*** Begin section ***

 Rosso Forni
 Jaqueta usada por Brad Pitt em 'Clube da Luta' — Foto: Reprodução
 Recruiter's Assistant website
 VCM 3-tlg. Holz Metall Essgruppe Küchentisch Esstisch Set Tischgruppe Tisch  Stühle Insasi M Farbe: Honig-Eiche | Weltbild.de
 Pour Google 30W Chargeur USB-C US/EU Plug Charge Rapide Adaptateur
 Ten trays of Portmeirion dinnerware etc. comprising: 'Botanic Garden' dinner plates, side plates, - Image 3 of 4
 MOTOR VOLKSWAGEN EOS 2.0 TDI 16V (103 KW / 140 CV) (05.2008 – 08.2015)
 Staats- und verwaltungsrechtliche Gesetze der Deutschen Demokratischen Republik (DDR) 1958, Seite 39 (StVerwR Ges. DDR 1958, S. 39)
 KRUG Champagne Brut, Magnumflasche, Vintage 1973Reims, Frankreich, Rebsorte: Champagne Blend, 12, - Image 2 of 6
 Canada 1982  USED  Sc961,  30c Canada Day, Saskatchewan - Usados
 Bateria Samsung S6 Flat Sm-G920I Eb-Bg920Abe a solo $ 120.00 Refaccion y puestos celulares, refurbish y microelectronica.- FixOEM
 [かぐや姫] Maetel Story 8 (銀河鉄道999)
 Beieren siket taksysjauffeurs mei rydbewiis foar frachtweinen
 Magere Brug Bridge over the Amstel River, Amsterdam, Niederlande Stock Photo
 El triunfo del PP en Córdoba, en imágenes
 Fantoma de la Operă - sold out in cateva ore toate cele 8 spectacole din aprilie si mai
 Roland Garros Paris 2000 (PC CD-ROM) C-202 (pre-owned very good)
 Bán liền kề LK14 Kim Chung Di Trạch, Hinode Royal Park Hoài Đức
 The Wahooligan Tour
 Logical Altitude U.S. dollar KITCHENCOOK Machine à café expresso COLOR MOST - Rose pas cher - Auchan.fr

*** End section ***

§ Work instruction: Each line from the one with "Bateria Samsung S6" through the last line of the records must be written out word for word. Include nothing else.

§ Written answer:
 Bateria Samsung S6 Flat Sm-G920I Eb-Bg920Abe a solo $ 120.00 Refaccion y puestos celulares, refurbish y microelectronica.- FixOEM
 [かぐや姫] Maetel Story 8 (銀河鉄道999)
 Beieren siket taksysjauffeurs mei rydbewiis foar frachtweinen
 Magere Brug Bridge over the Amstel River, Amsterdam, Niederlande Stock Photo
 El triunfo del PP en Córdoba, en imágenes
 Fantoma de la Operă - sold out in cateva ore toate cele 8 spectacole din aprilie si mai
 Roland Garros Paris 2000 (PC CD-ROM) C-202 (pre-owned very good)
 Bán liền kề LK14 Kim Chung Di Trạch, Hinode Royal Park Hoài Đức
 The Wahooligan Tour
 Logical Altitude U.S. dollar KITCHENCOOK Machine à café expresso COLOR MOST - Rose pas cher - Auchan.fr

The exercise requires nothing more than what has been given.